■ **Raw data**:
★ ★ ★ ★ ★ ★ ★
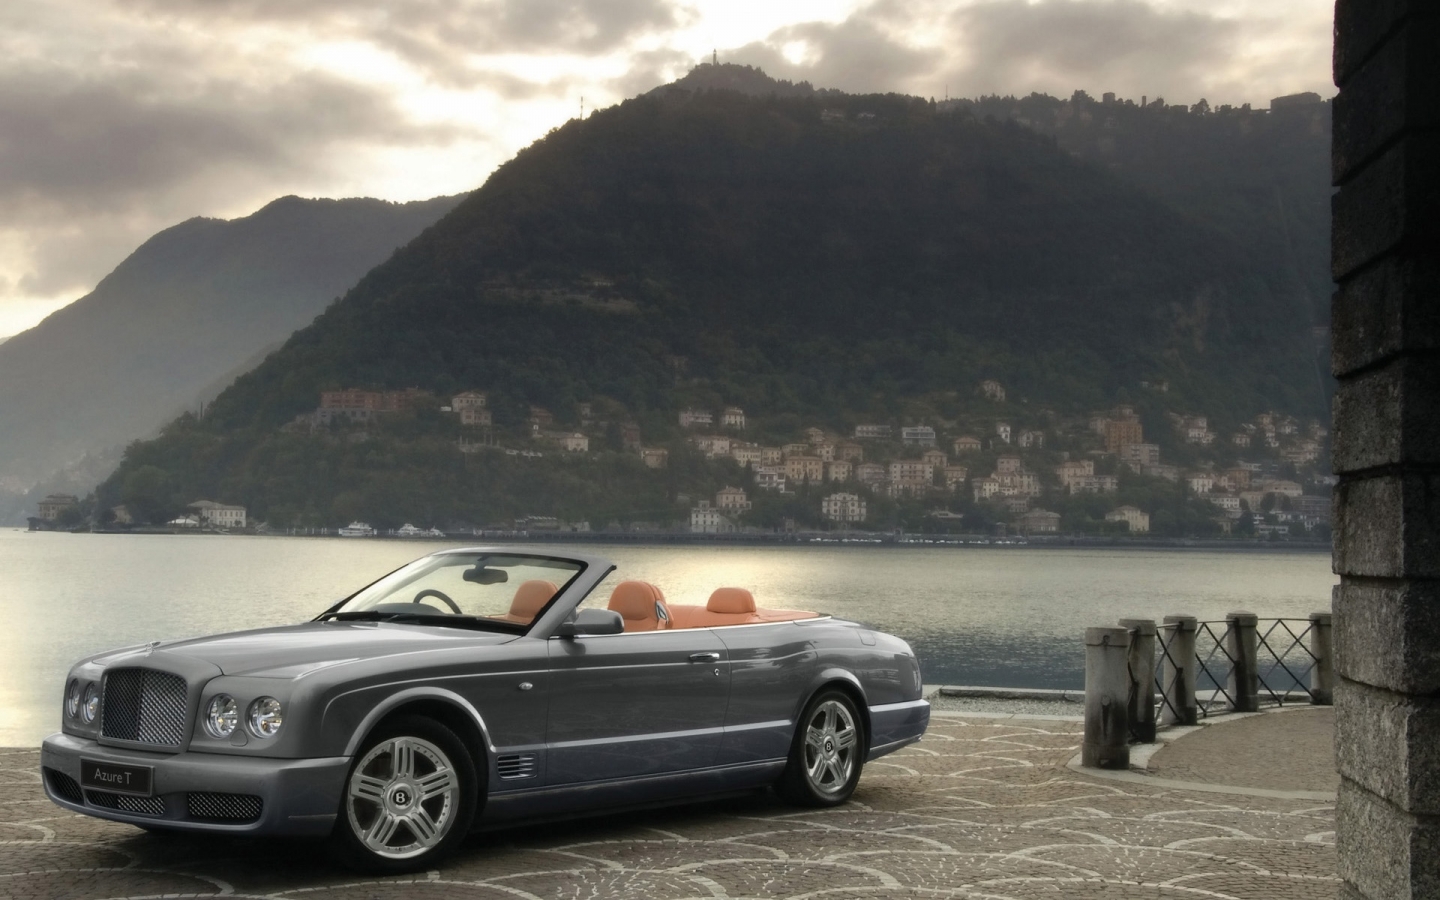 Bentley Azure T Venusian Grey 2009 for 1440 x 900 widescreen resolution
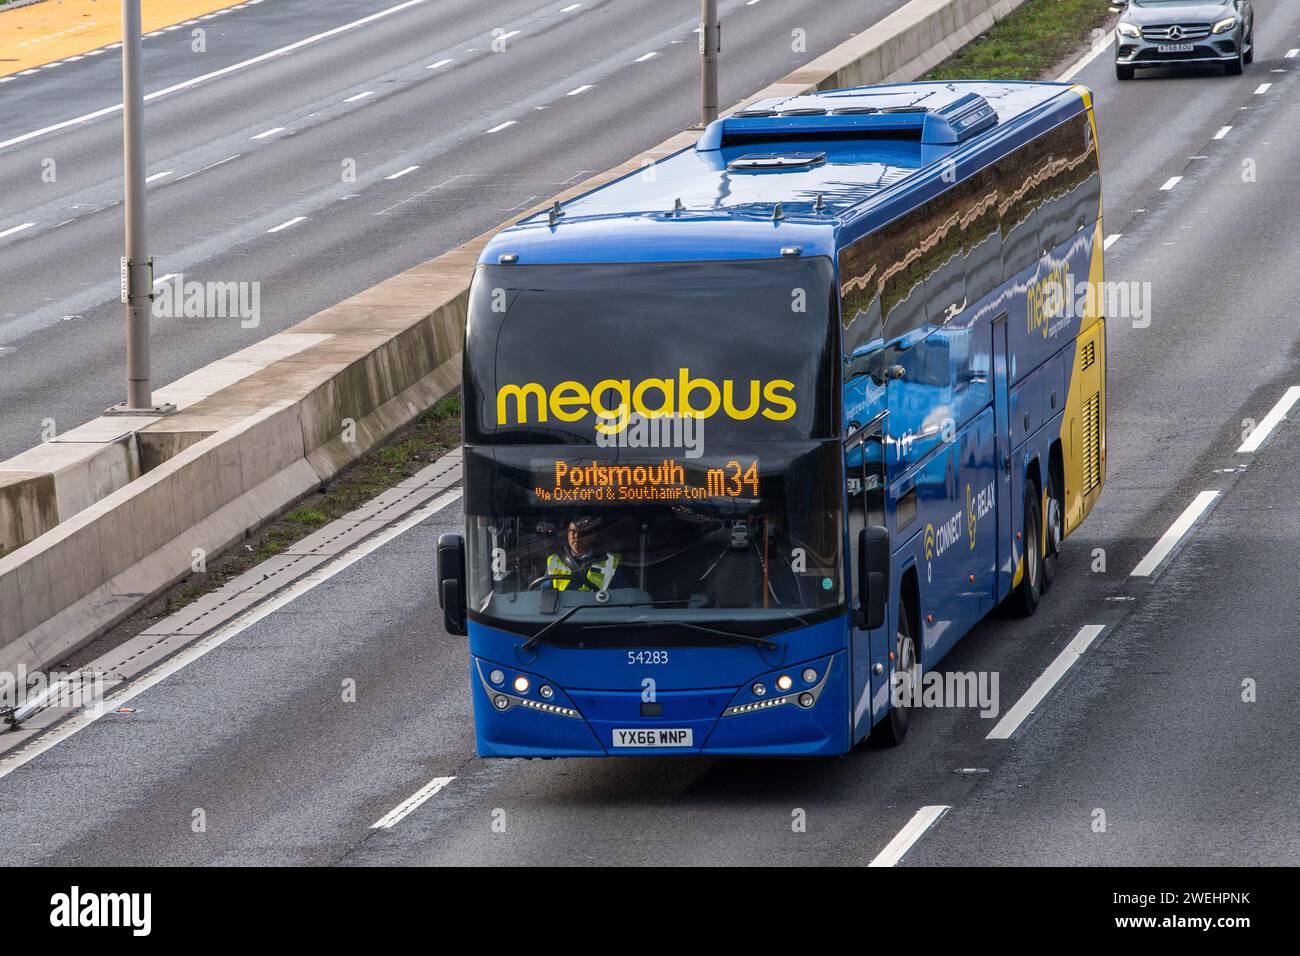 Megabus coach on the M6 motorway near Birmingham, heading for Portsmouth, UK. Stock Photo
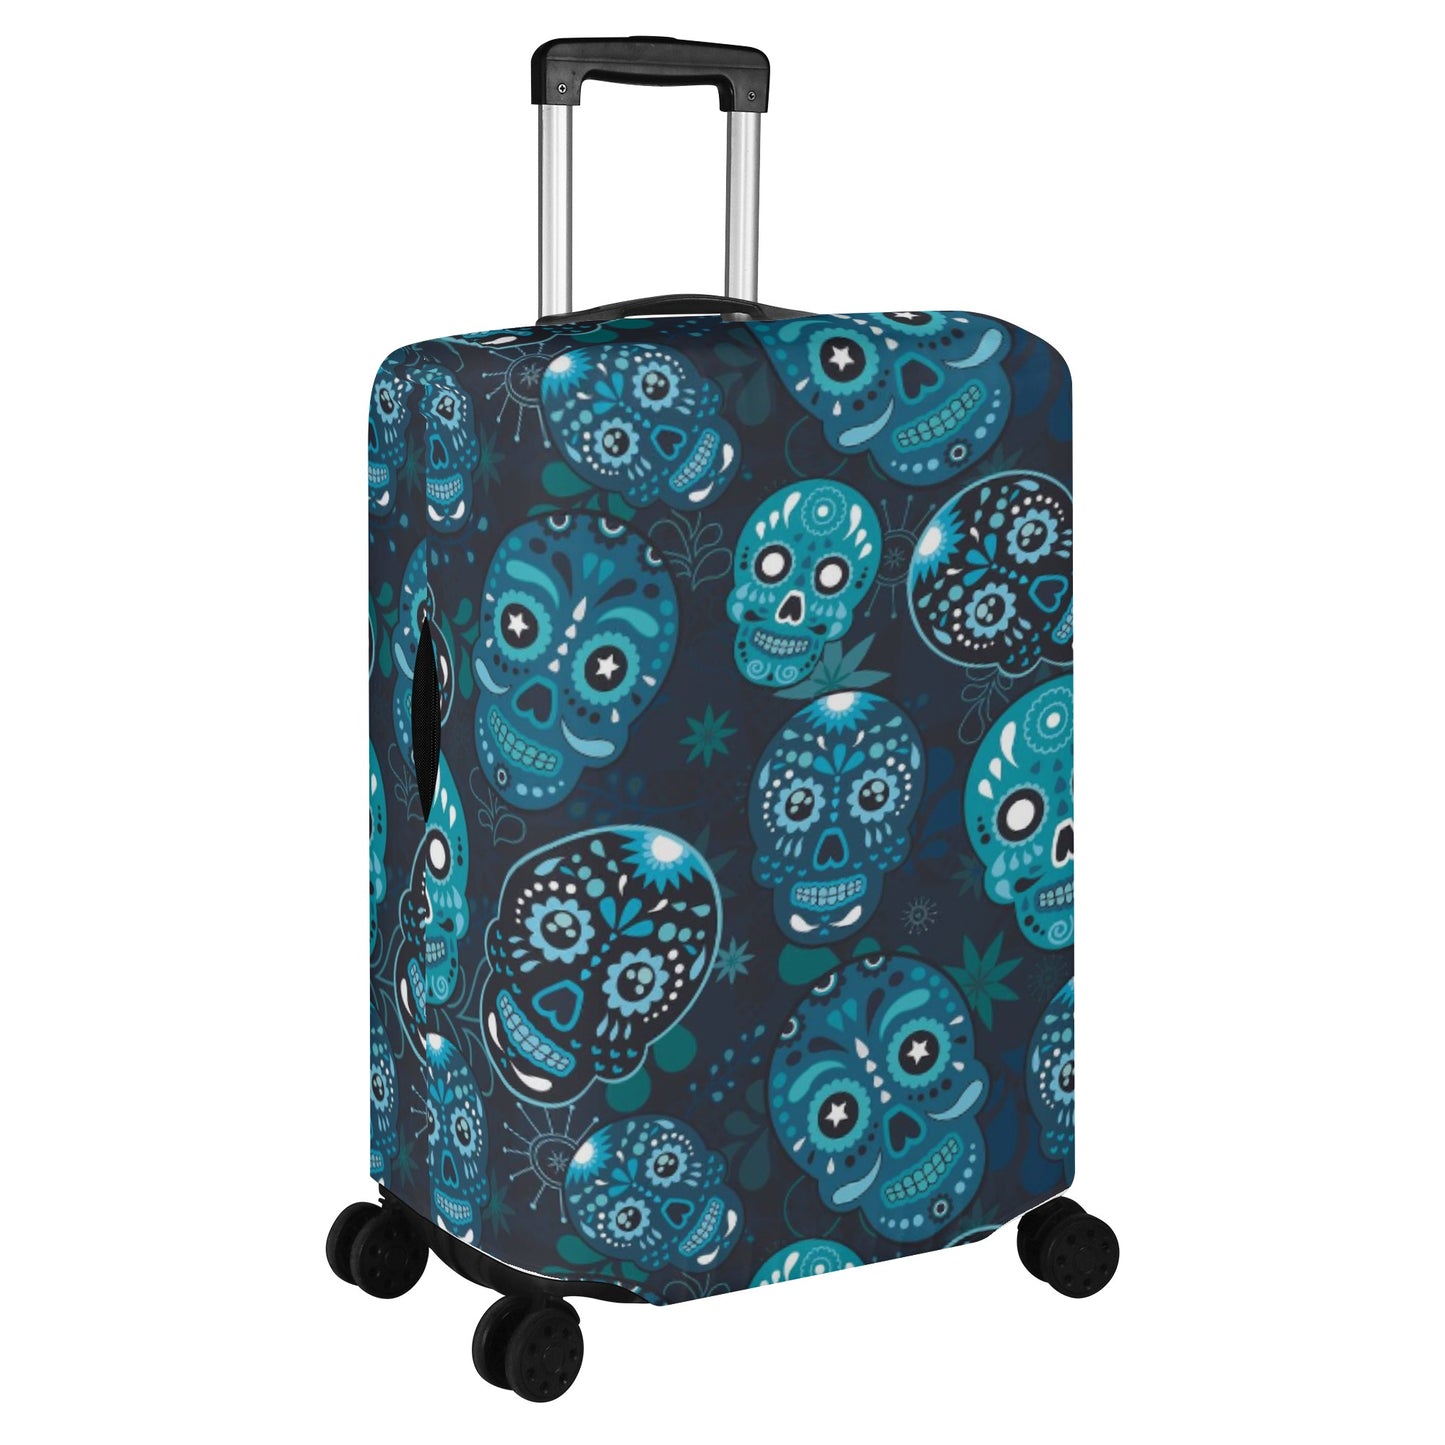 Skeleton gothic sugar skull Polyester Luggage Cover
★ ★ ★ ★ ★ ★ ★
■ **What is expected**:
Reproduce the material word for word, pictures excluded.

■ **Response to the exercise**:
 Bentley Azure T Venusian Grey 2009 for 1440 x 900 widescreen resolution
 Megabus coach on the M6 motorway near Birmingham, heading for Portsmouth, UK. Stock Photo
 Skeleton gothic sugar skull Polyester Luggage Cover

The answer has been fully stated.